On Fri, Mar 9, 2018 at 11:12 AM, Linus Torvalds
<torvalds@xxxxxxxxxxxxxxxxxxxx> wrote:
How are you going to handle five processes doing the same setup concurrently?
Side note: it's not just serialization. It's also "is it actually up
and running".
The rule for "request_module()" (for a real module) has been that it
returns when the module is actually alive and active and have done
their initcalls.
The UMH_WAIT_EXEC behavior (ignore the serialization - you could do
that in the caller) behavior doesn't actually have any semantics AT
ALL. It only means that you get the error returns from execve()
itself, so you know that the executable file actually existed and
parsed right enough to get started.
But you don't actually have any reason to believe that it has *done*
anything, and started processing any requests. There's no reason
what-so-ever to believe that it has registered itself for any
asynchronous requests or anything like that.
So in the real module case, you can do
request_module("modulename");
and just start using whatever resource you just requested. So the
netfilter code literally does
request_module("nft-chain-%u-%.*s", family,
nla_len(nla), (const char *)nla_data(nla));
nfnl_lock(NFNL_SUBSYS_NFTABLES);
type = __nf_tables_chain_type_lookup(nla, family);
if (type != NULL)
return ERR_PTR(-EAGAIN);
and doesn't even care about error handling for request_module()
itself, because it knows that either the module got loaded and is
ready, or something failed. And it needs to look that chain type up
anyway, so the failure is indicated by _that_.
With a UMH_WAIT_EXEC? No. You have *nothing*. You know the thing
started, but it might have SIGSEGV'd immediately, and you have
absolutely no way of knowing, and absolutely no way of even figuring
it out.

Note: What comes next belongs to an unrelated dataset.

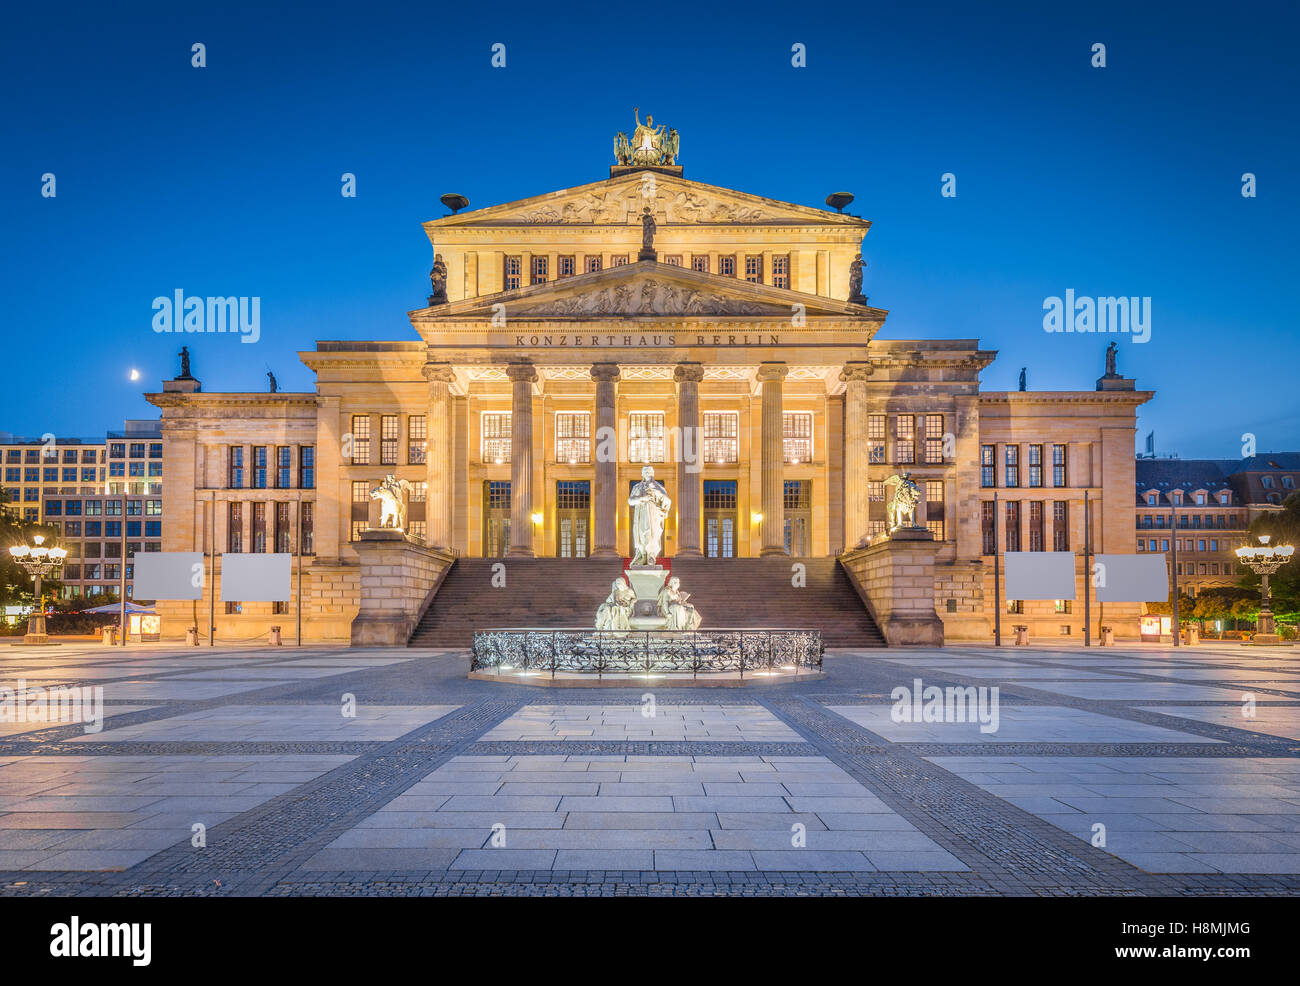 Visualizzazione classica di Berlino storica sala da concerto alla famosa piazza Gendarmenmarkt in bella crepuscolo al tramonto, Berlino, Germania Foto Stock

You can wait - forever - for something to bind to whatever
dynamic resource you're expecting. You'll just fundamentally never
know.
You can try again, of course. Add a timeout, and try again in five
seconds or something. Maybe it will work then. Maybe it won't. You
won't have any way to know the _second_ time around either. Or the
third. Or...
See why I say it has to be synchronous?
If it's synchronous, you can actually do things like
(a) maybe you only need a one-time thing, and don't have any state
("load fixed tables, be done") and that's it. If the process returns
with no error code, you're all done, and you know it's fine.
(b) maybe the process wants to start a listener daemon or something
like the traditional inetd model. It can open the socket, it can start
listening on it, and it can fork off a child and check it's status. It
can then do exit(0) if everything is fine, and now request_module()
returns.